DATA EXCERPTS:
▼▼▼
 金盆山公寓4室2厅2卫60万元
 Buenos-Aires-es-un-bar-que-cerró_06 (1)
▲▲▲
▼▼▼
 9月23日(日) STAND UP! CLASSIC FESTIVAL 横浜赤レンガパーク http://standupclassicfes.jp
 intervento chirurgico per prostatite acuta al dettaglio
▲▲▲
WHAT YOU SHOULD DO: Give back exactly the lines of the listing above that run from the line with "9月23日(日) STAND UP!" to the line with "intervento chirurgico per", inclusive.

ANSWER BELOW:
 9月23日(日) STAND UP! CLASSIC FESTIVAL 横浜赤レンガパーク http://standupclassicfes.jp
 intervento chirurgico per prostatite acuta al dettaglio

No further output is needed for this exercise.